Fue claro que la exposición a DAP indujo respuesta al estrés de la envoltura celular en S. aureus y B. subtilis (Hachmann, 2009; Muthaiyan, 2008) y el número de alteraciones de la MC observados por Pogliano y col fueron proporcionales a la concentración de DAP utilizada en este estudio (Pogliano, 2012) y a raíz de esto, se puede pensar que a concentraciones superiores de la CIM, la capacidad de la célula para responder a estas alteraciones se limita lo que daría lugar a fugas de iones y a la pérdida del potencial de membrana, sin la formación de poros.
Zhang y cols, demostraron que la cardiolipina (CL) inhibe la formación de poros dada por la daptomicina en un modelo de liposomas. Este estudio fue motivado por estudios genéticos sobre la resistencia a la daptomicina, que sugieren que las bacterias pueden volverse más resistentes a la daptomicina mediante el aumento del contenido de cardiolipina en su membrana celular. Encontraron que la inclusión del 10% de CL en el modelo de membrana fue suficiente para eliminar eficazmente la translocación en la MC y la formación de poros en los liposomas. Además, es posible que un aumento del contenido de CL inhiba la formación de poros in vivo; sin embargo, esto aún no se ha evaluado experimentalmente (Zhang, 2014).

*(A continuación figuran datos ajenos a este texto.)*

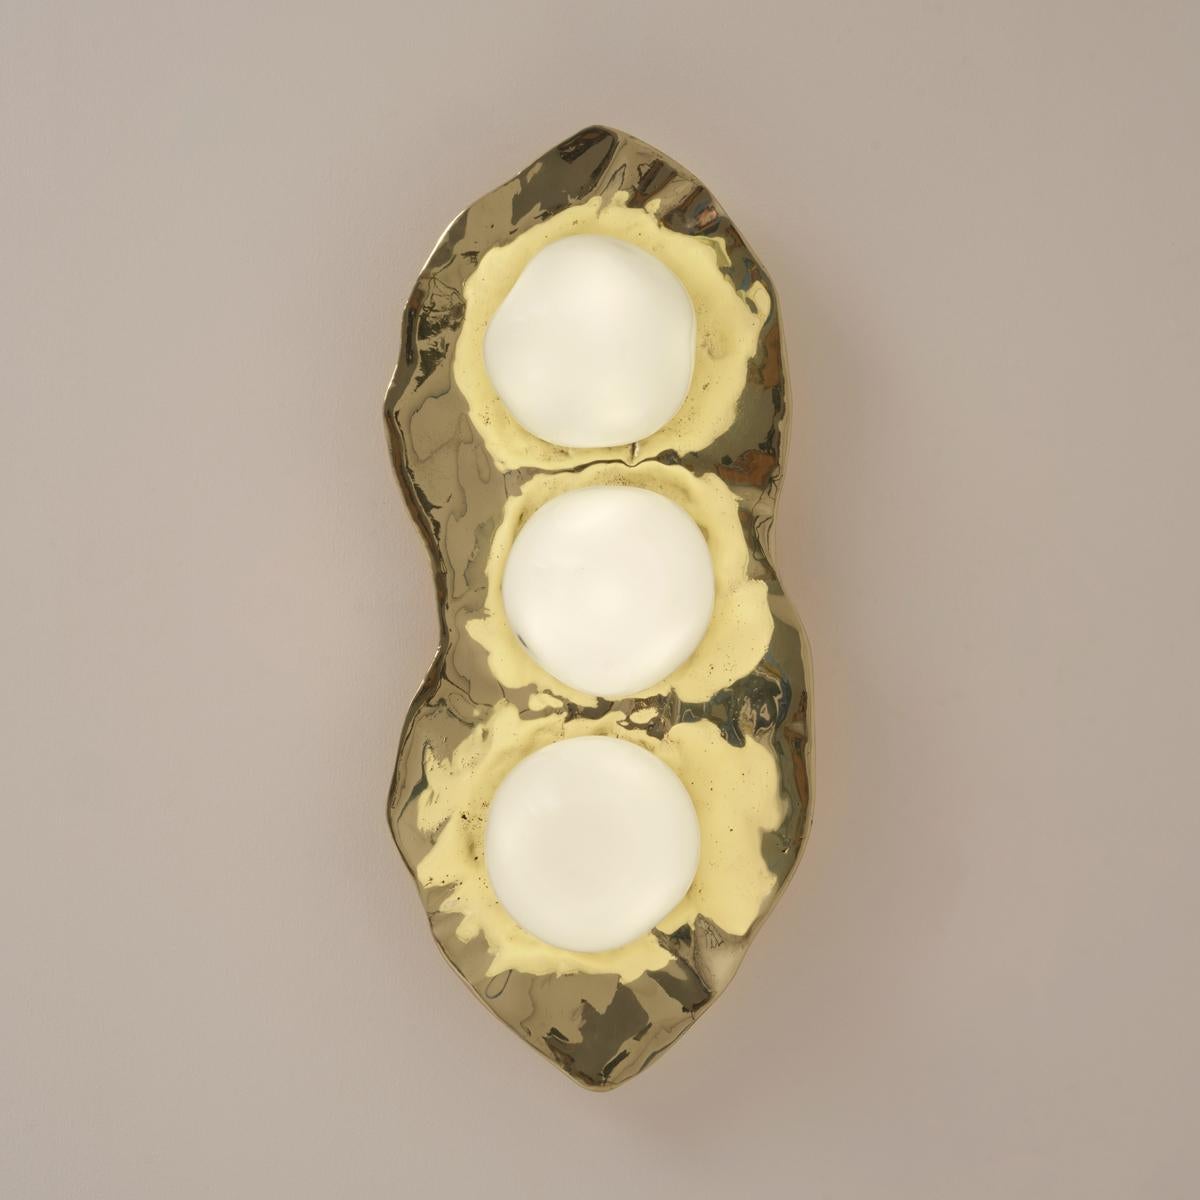 Shell Wall Light by Gaspare Asaro-Polished Brass Finish In New Condition For Sale In New York, NY

Sin embargo, las investigaciones hasta el momento no han ofrecido la configuración molecular de como la daptomicina esta unida a la membrana. Recientemente, Chen y cols, reportaron que hay un cambio en el dicroísmo circular (DC) de daptomicina cuando se une al FG que se encuentra en la MC en presencia de Ca2+, lo cual indicó un posible cambio estructural en la unión a la MC. Ellos determinaron que el principal efecto de DAP en la MC era remover las moléculas de los lípidos, como resultado de la interacción. Normalmente, una molécula unida a una bicapa lipídica, se adsorbe en la interface entre
las cabezas y las colas o se incrusta dentro de las colas. Los agregados de la daptomicina se desenlazan de la bicapa lipídica, ya que, los autores refieren, que no son compatibles con un estado de unión a la MC. Acá, plantean que no está claro si los lípidos están intrínsecamente siendo parte de la agregación molecular o si estas moléculas de lípidos se adhieren a los agregados cuando se están separando de la MC. En cualquier caso, las acciones de la agregación molecular y luego la desunión de la MC tiene un efecto en la extracción de lípidos, es decir, en la eliminación de moléculas de lípidos de la MC. También encontraron que debido a esto, se puede inducir la conducción de iones de modo transmembranal, sin causar fugas moleculares.
Figura 3. Mecanismo de acción de daptomicina. Tomado de Pogliano J et al., JB 2012;194:4494. DAP: Tazas de azul claro con círculos amarillos; FG, fosfatidilglicerol: lípidos verdes; CL, cardiolipina: lípidos amarillos, iones de potasio: círculos verdes y proteínas de división celular como DivIVA: ovalos azules.